Taylor pointed to hotel booking software that automated the guest checkout process but messed up the housekeeping process, sending employees to different rooms in a decidedly time-wasting manner. It’s a complaint that winds through the discourse around AI development: The decision-making process around how new technologies are implemented may be more important than the underlying technology itself, a mindset that also helped inform the Biden administration. AI Letter of Rights blueprint.
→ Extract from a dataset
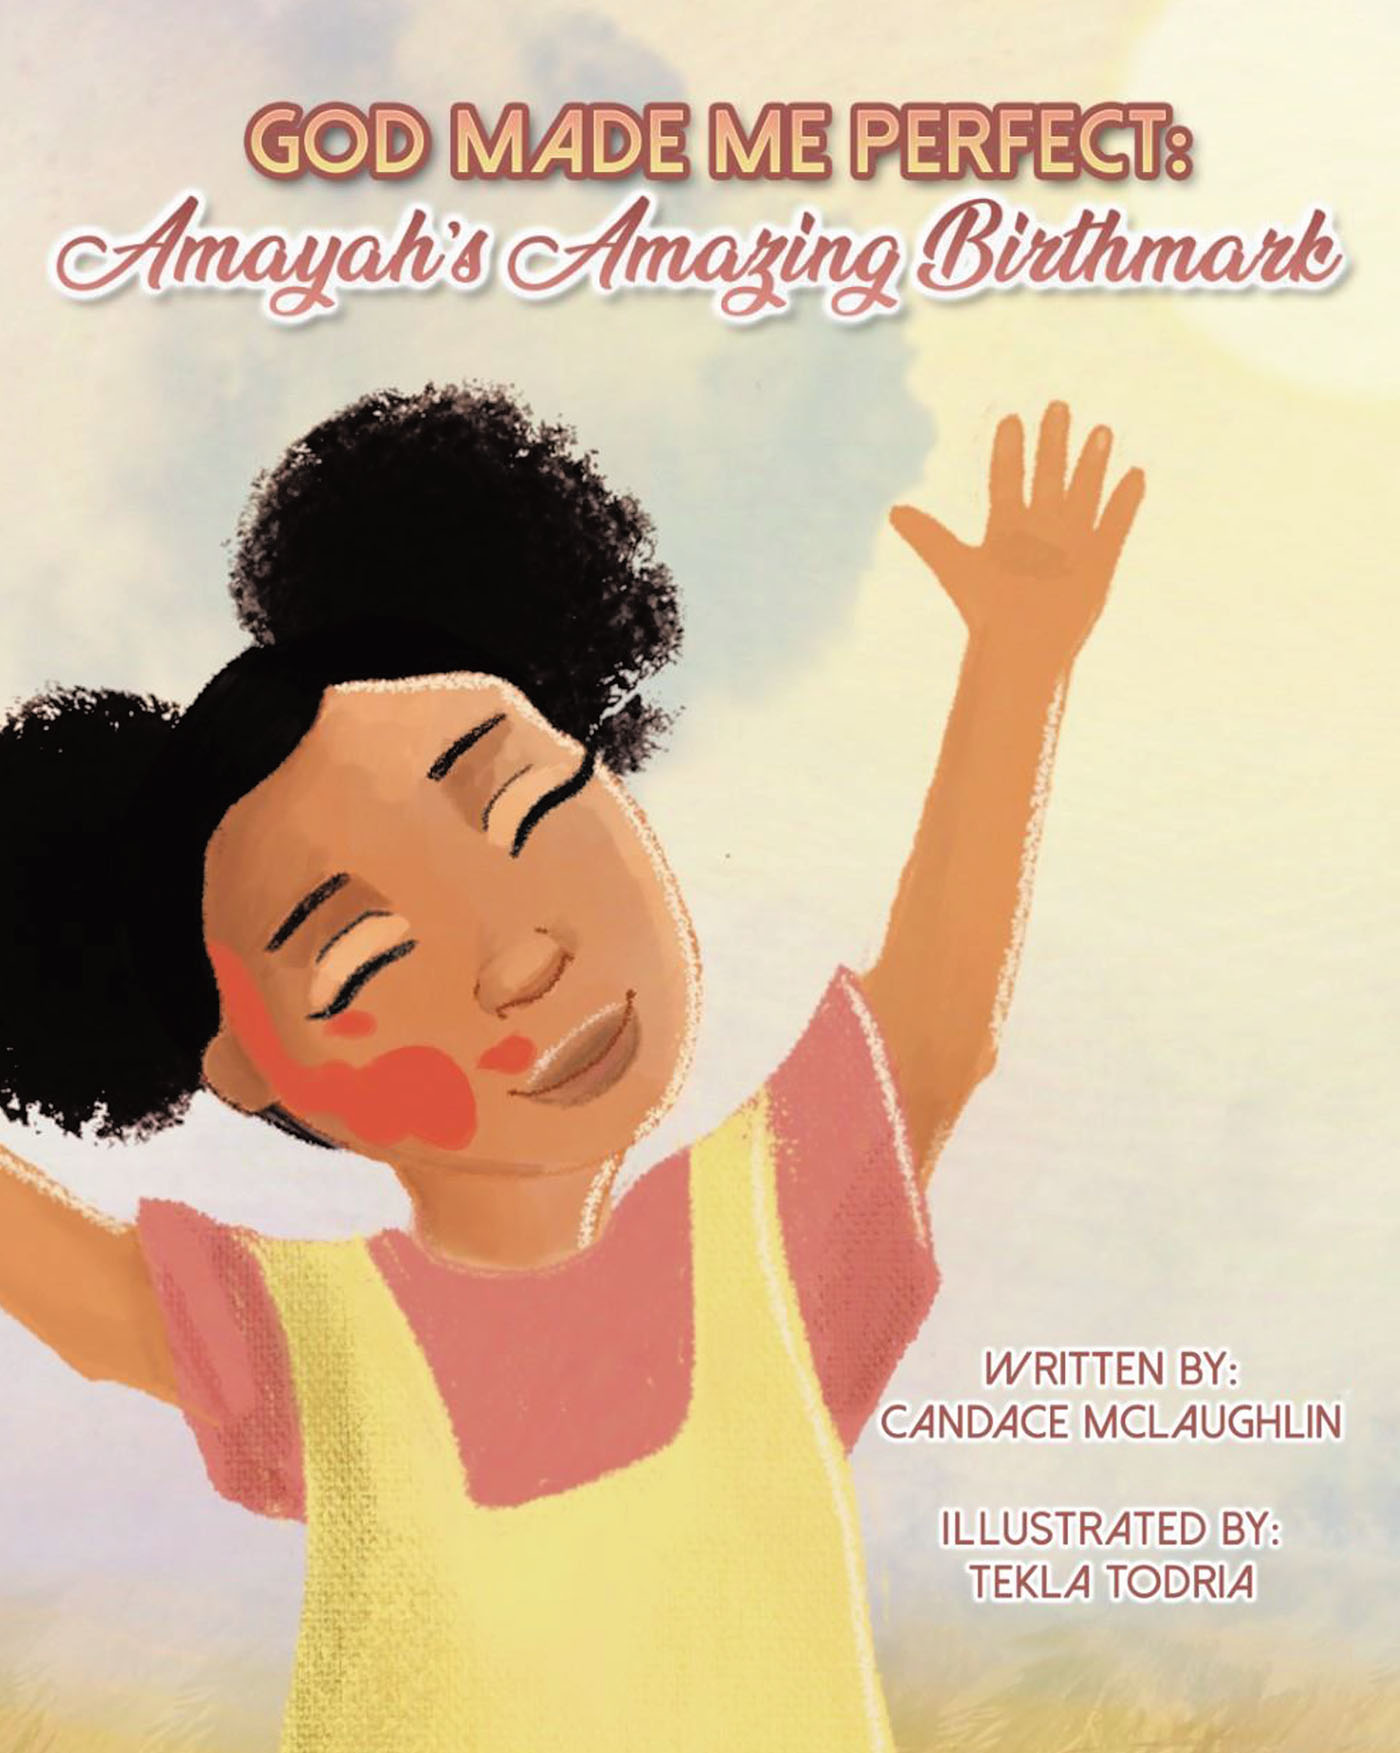 Candace McLaughlin’s Newly Released “God Made Me Perfect: Amayah’s Amazing Birthmark” is a Heartwarming Story of Learning to Love Oneself

“There is a range of very deep labor movement issues involved in ensuring that algorithmic management systems actually follow the law, that there is openness, accountability and a voice of the workers in how those systems are implemented,” Ballantyne told me, referring to specifically to the kinds of algorithms not only that doing different jobs, but track workers’ movements, set their hours, and perform various other kinds of bossy tasks.
Given that the basic raison d’être since the labor movement negotiates with bosses, human or not, it makes sense for the industry to push for a say in how these futuristic technologies are deployed. That has led to initiatives like the Technology Institute that Ballantyne leads, which she describes as an effort not to put the reins of technology in the workplace, but to put people-conscious guardrails around it.
“We have good and bad technology,” Ballantyne said. “There’s technology that improves work for working people, and then there’s technology that automates and reduces skills, and if there’s no plan to help workers navigate through that, then we have job losses and inequality.”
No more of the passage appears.